From the first line to the last, repeat the data exactly and drop the pictures.

▶ [Data block]:

━━━━━━━━━━

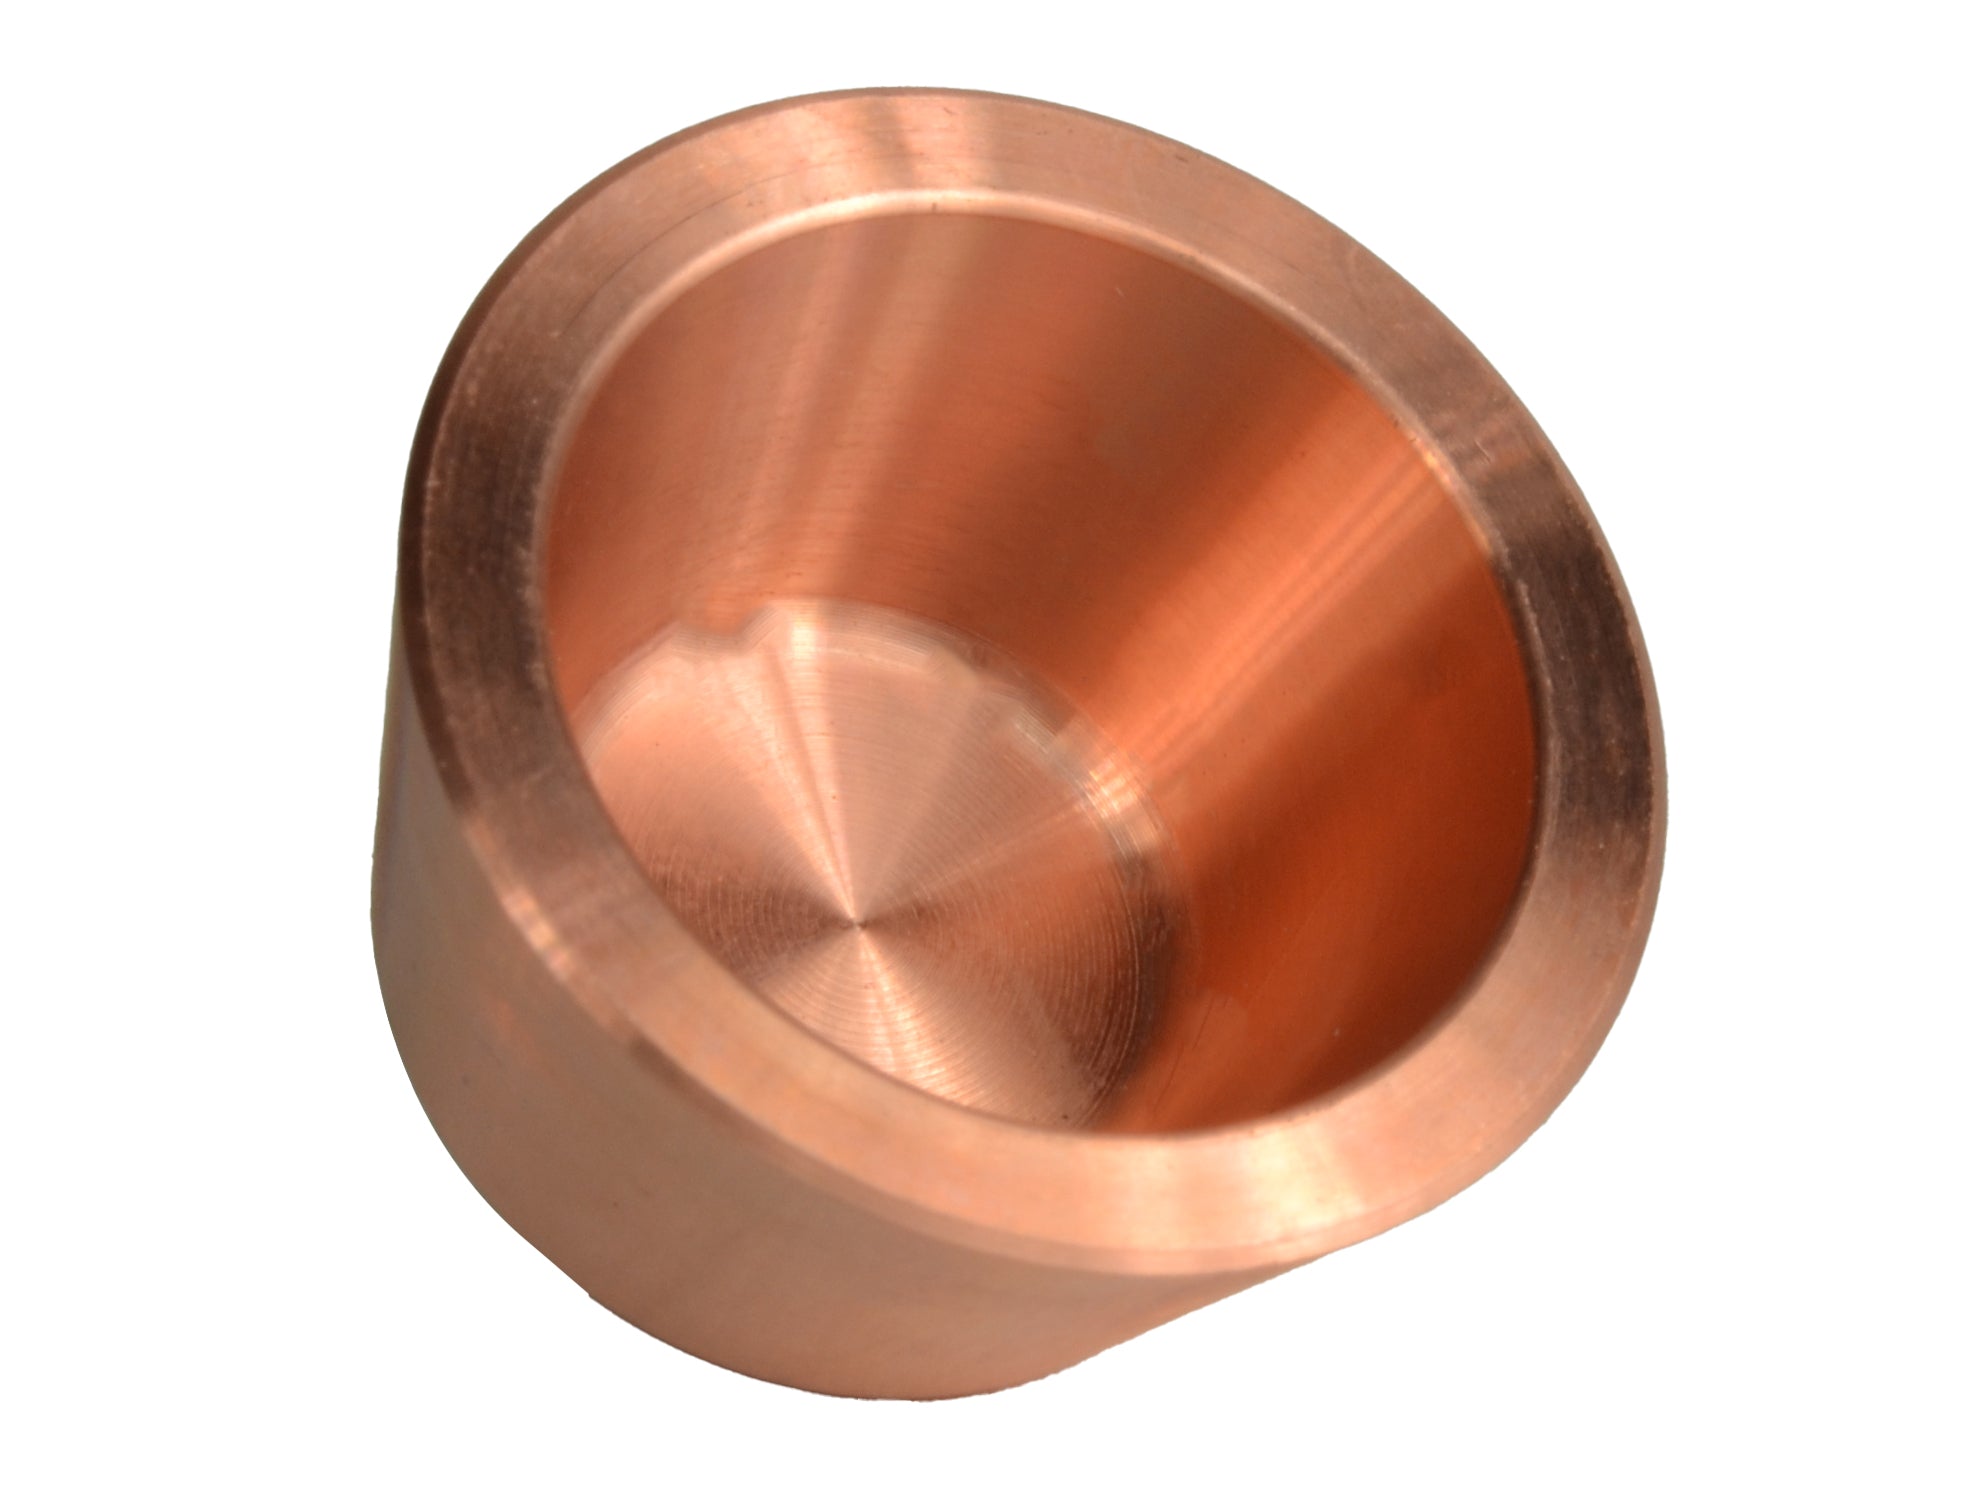 High Purity Copper Manufacturers and Suppliers in the USA
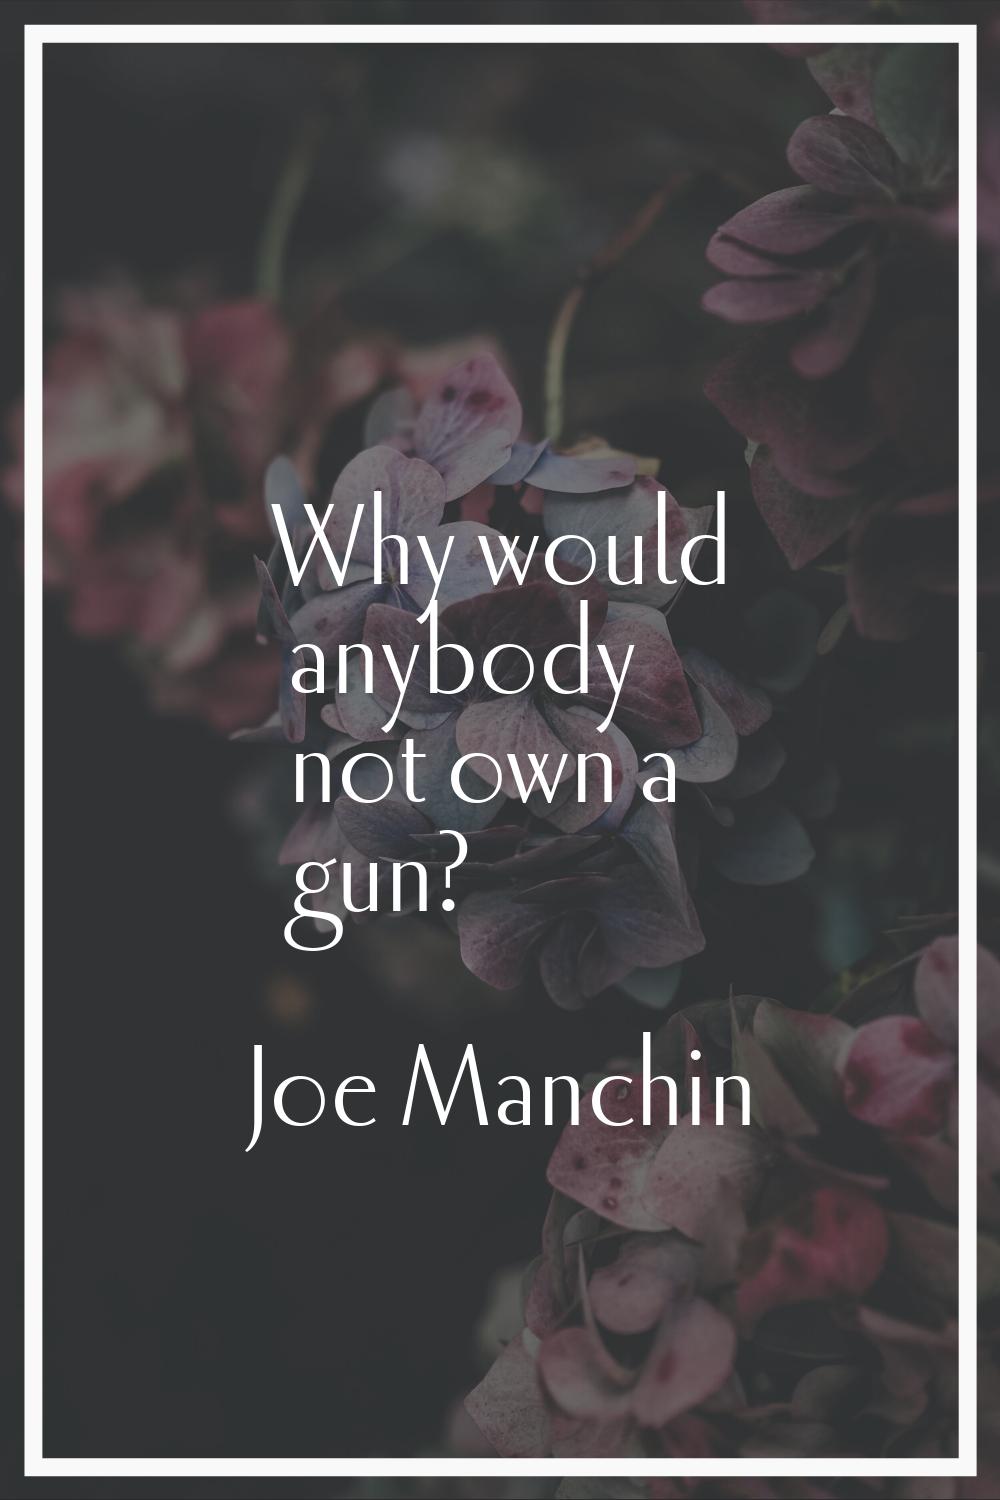 Why would anybody not own a gun?
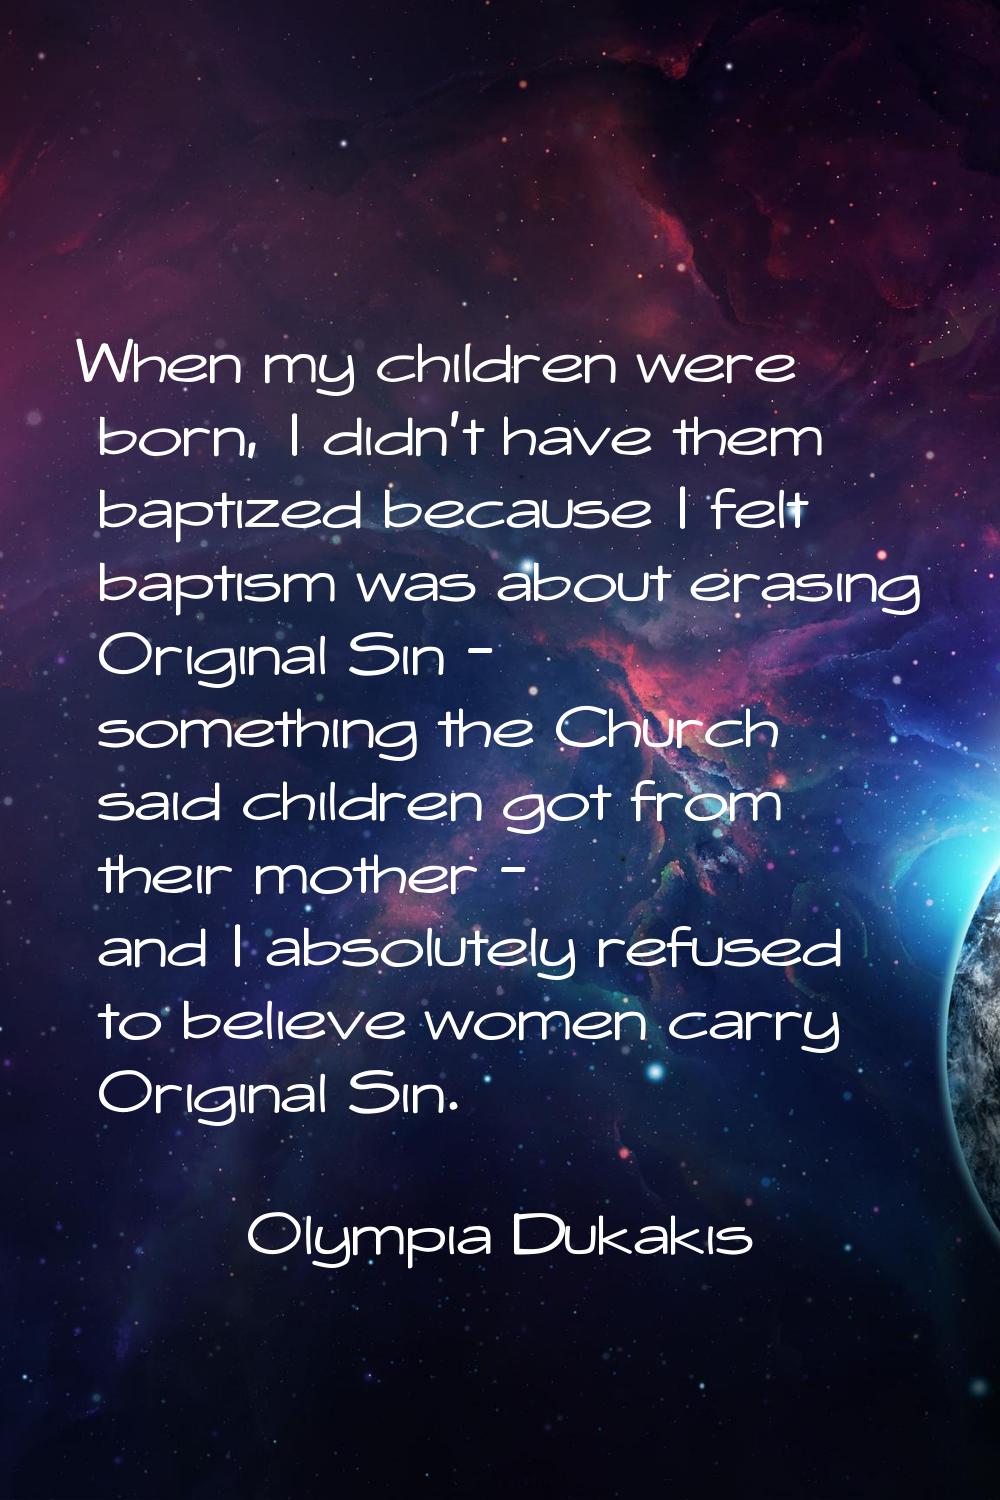 When my children were born, I didn't have them baptized because I felt baptism was about erasing Or
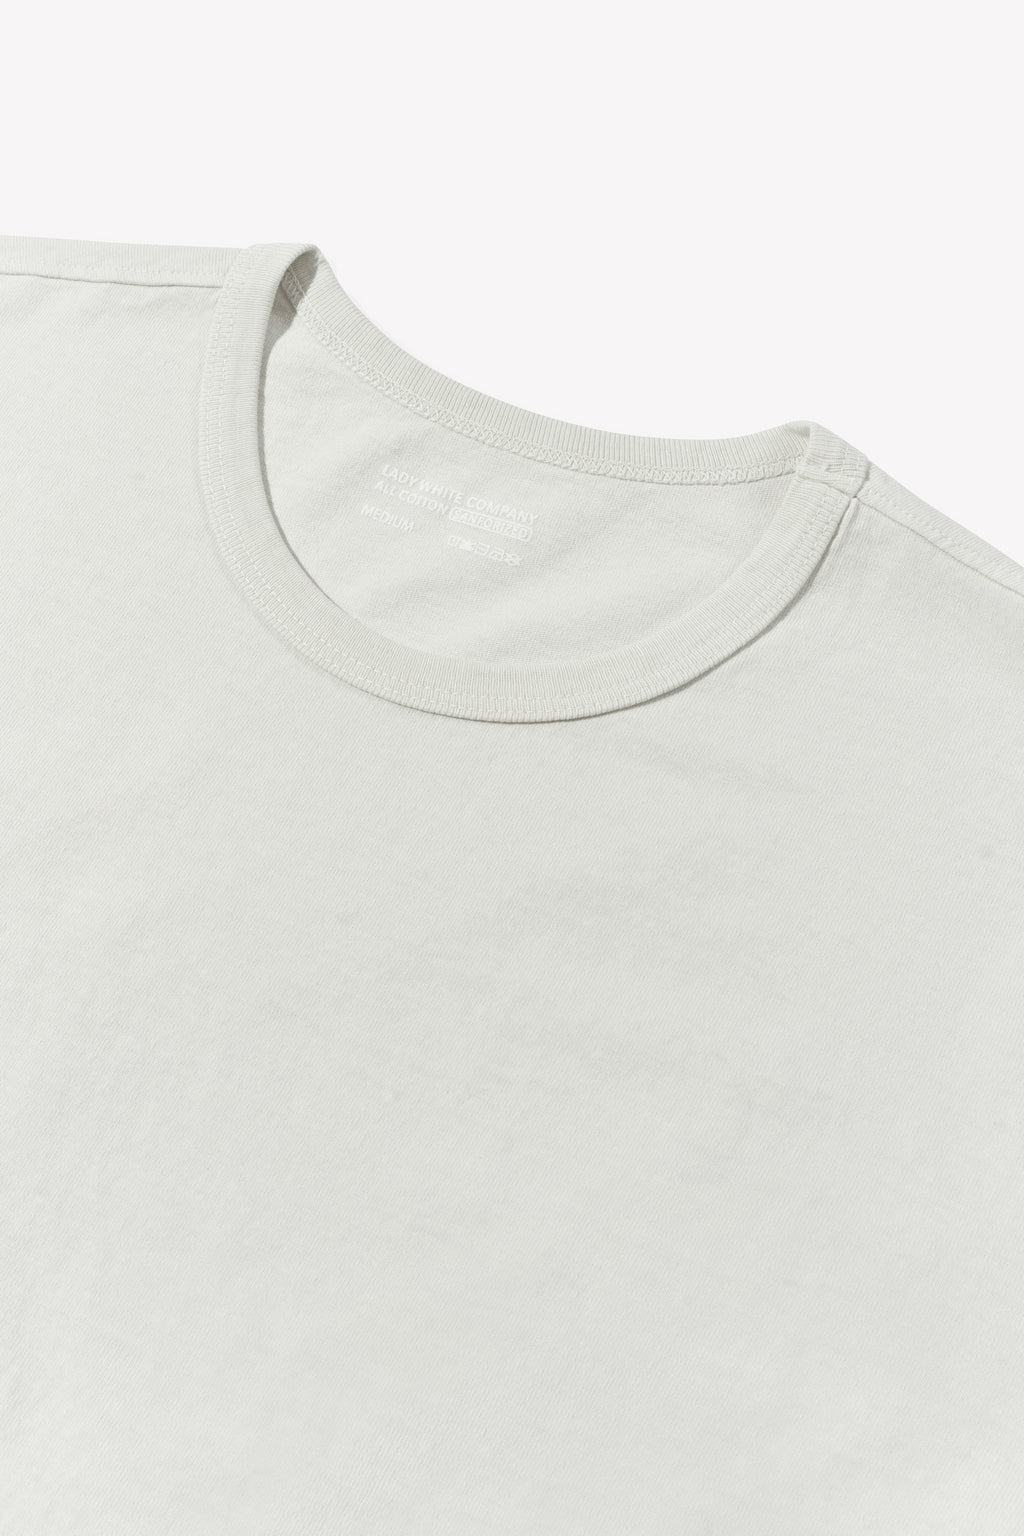 - OUR OFF LADY WHITE WHITE – T-SHIRT

━━━━━━━━━━

▶ [Answer box]:
 High Purity Copper Manufacturers and Suppliers in the USA
 Why would anybody not own a gun?
 When my children were born, I didn't have them baptized because I felt baptism was about erasing Or
 - OUR OFF LADY WHITE WHITE – T-SHIRT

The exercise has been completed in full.